With a new manager, a choice of new labels in front of them and a headline slot at Dark Jubilee, VNV Nation's Ronan Harris displayed a characteristically Irish trait - the gift of the gab.

VNV Nation are entering a new era in which they hope they'll go on to bigger and better things. This new era was foreshadowed by the success of the recent album and singles. Ironically, though, the release of 'Beloved', the second single off "futureperfect", marked the end of the relationship with their label Dependent. Officially, their contract was due to end anyway and the label decided not to renew it, but Ronan has a slightly different story.

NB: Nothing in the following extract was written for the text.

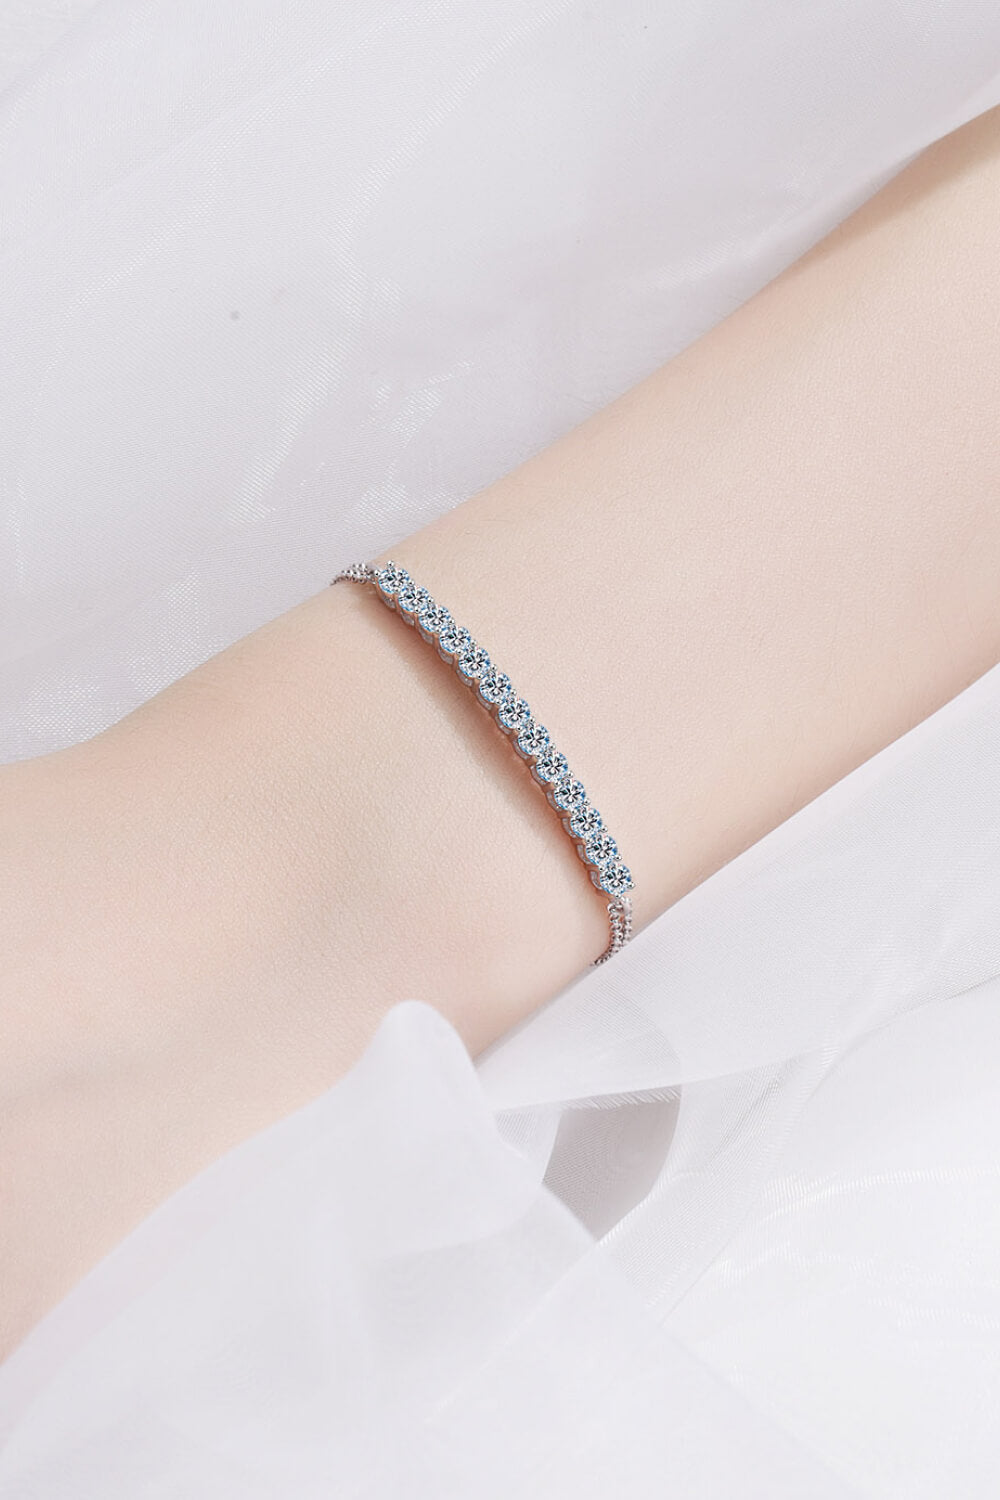 Adored Moissanite Sterling Silver Bracelet - Silver / One Size - Women’s Jewelry - Bracelets - 3 - 2024

"We made the decision, back in June last year when we'd already committed to 'futureperfect', that, whether we kept on Stefan [Herwig] as a manager was one thing, we would not be staying with Dependent because we'd reached the maximum we could go. We have to decide these things in advance, because, to give you an example, we released 'Burning Empires' as a limited EP single and we sold 4,700 copies. We could have sold 15,000."

Ronan and Mark decided in February that were no longer seeing eye to eye with the label on certain issues. When they joined Dependent, they were one of its most successful bands, but people at the label told them they didn't understand what the band is about.

"I'm like, well, we can go on a tour without an album in October/November, three months before the album comes out and get sold out shows all over Germany and get more people at our tour than Apop or Covenant would and they don't understand what we're about? People obviously understand something, what are they going along for? The coffee, or to meet friends, or what?"

Ronan's view is that it's the depth of the lyrics, a sentiment in the music, a passion, and you're either the kind of person who gets it or you aren't. He says it is still somewhat tied to the Goth scene he grew up listening to, the likes of This Mortal Coil and the Cochteau Twins, but he feels there's a more to it than that. He says it's something very, very Irish-inspired.

"I mean, we always have something to say, but there is that passion and expressing our emotions in song, and always miserable ones. You never heard rebel songs from like the 1800s where people were going on about like [he sings] 'It's great, it's fantastic, yay, so what if another country runs us and they treat us like dirt, everything's grand'. Nobody would listen to that, the Irish sentiment is for misery and so we pick Catholicism as our religion."

Ronan blames their split with their former manager, Stefan, on the fact that they are both control freaks. While adding that he thinks Stefan is a great guy and does a great job, he says that one of them is the artist and the other isn't and he, as the artist, has to retain control of his work. And Ronan likes that control, he writes the music, produces the music, designs the CDs, designs the merchandise, does the website, everything.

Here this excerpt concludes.